Еще один из значимых немецких социологов и экономистов, представитель немецкой индустриальной социологии Вернер Зомбарт (1863 — 1941) в своей научной деятельности также обратился к изучению моды в контексте своей теории капитализма и теории потребностей. Мода, по его выражению, есть «любимое детище капитализма, возникшее из внутренней сущности его; не много найдется других явлений социальной жизни, которые бы выражали характерные особенности капитализма так ясно, как делает мода».87 Социологическая теория моды В. Зомбарта во многом вытекает из его теории капитализма.
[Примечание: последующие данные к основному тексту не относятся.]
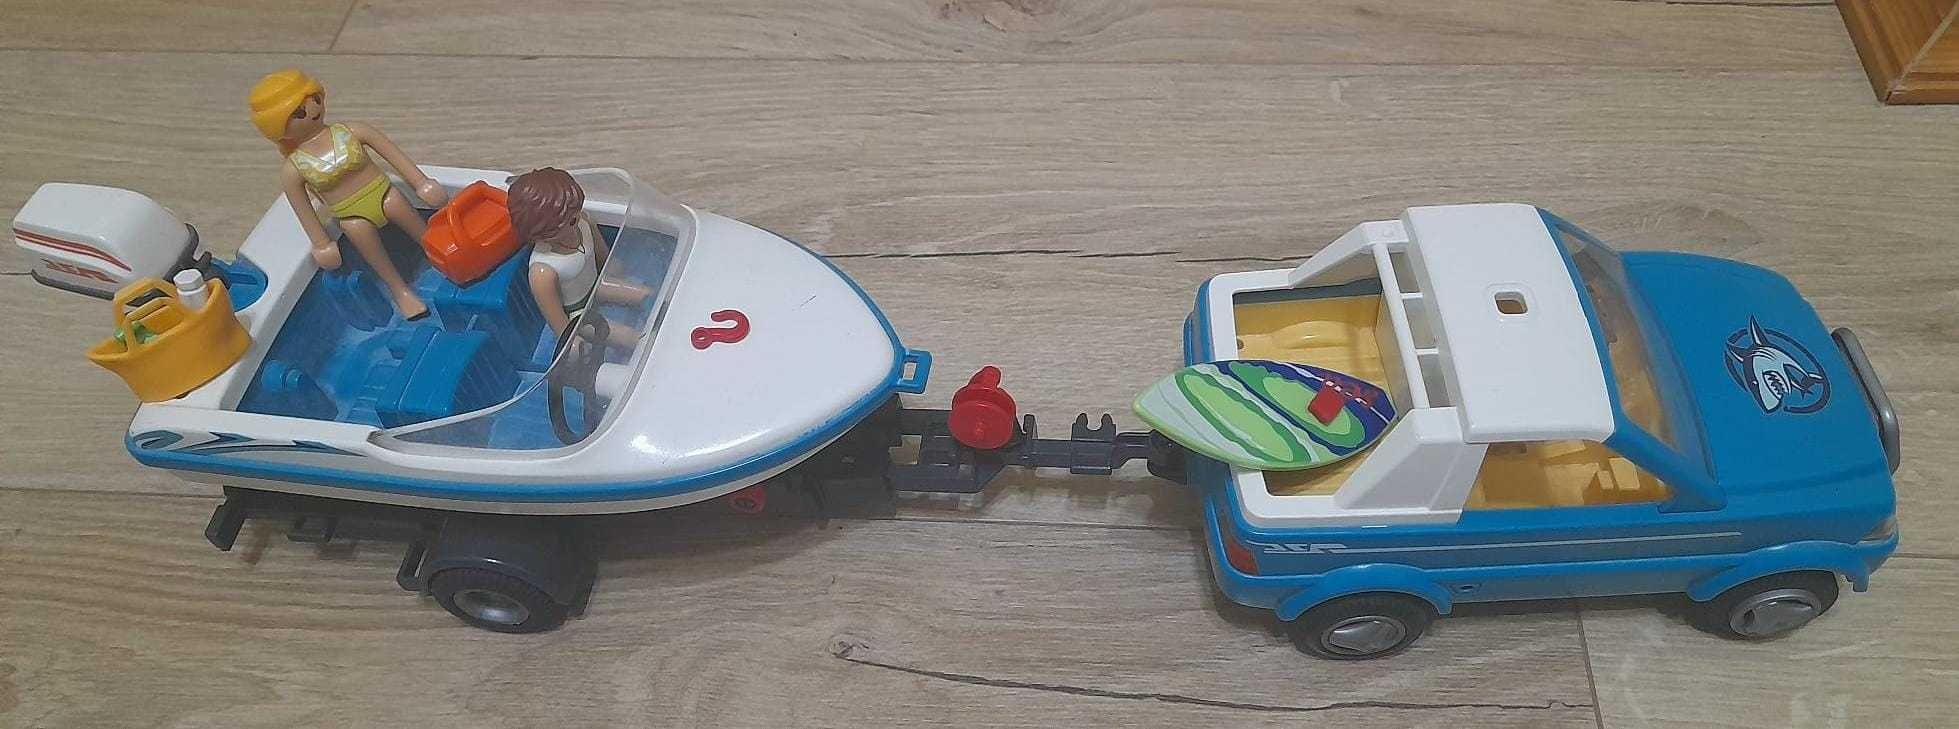 Playmobil Masina cu vaporas Summer fun

Теория капитализма В. Зомбарта возникает не только как отклик на складывающиеся социально-экономические и политические практики конца XIX — начала XX вв., но и как результат длительных методологических поисков и исследовательской работы в области социологии, истории экономики. Методология В. Зомбарта опиралась, с одной стороны, на идеи, разработанные в рамках исторической школы политической экономии, господствовавшей в немецкой экономической мысли второй половины XIX в., а с другой — на «психологию народов» М. Лацаруса, Г. Штейнталя, В. Вундта. Представители исторической школы возражали против идеи об универсальном характере экономических законов, доминирующей роли экономики в развитии общества. Двумя ключевыми понятиями при анализе капитализма у В. Зомбарта являются капитализм как хозяйственная система и капиталистический дух. При этом его методологическая позиция состоит в том, что капиталистический дух обладает безусловным историческим и логическим приоритетом перед капитализмом как системой организации.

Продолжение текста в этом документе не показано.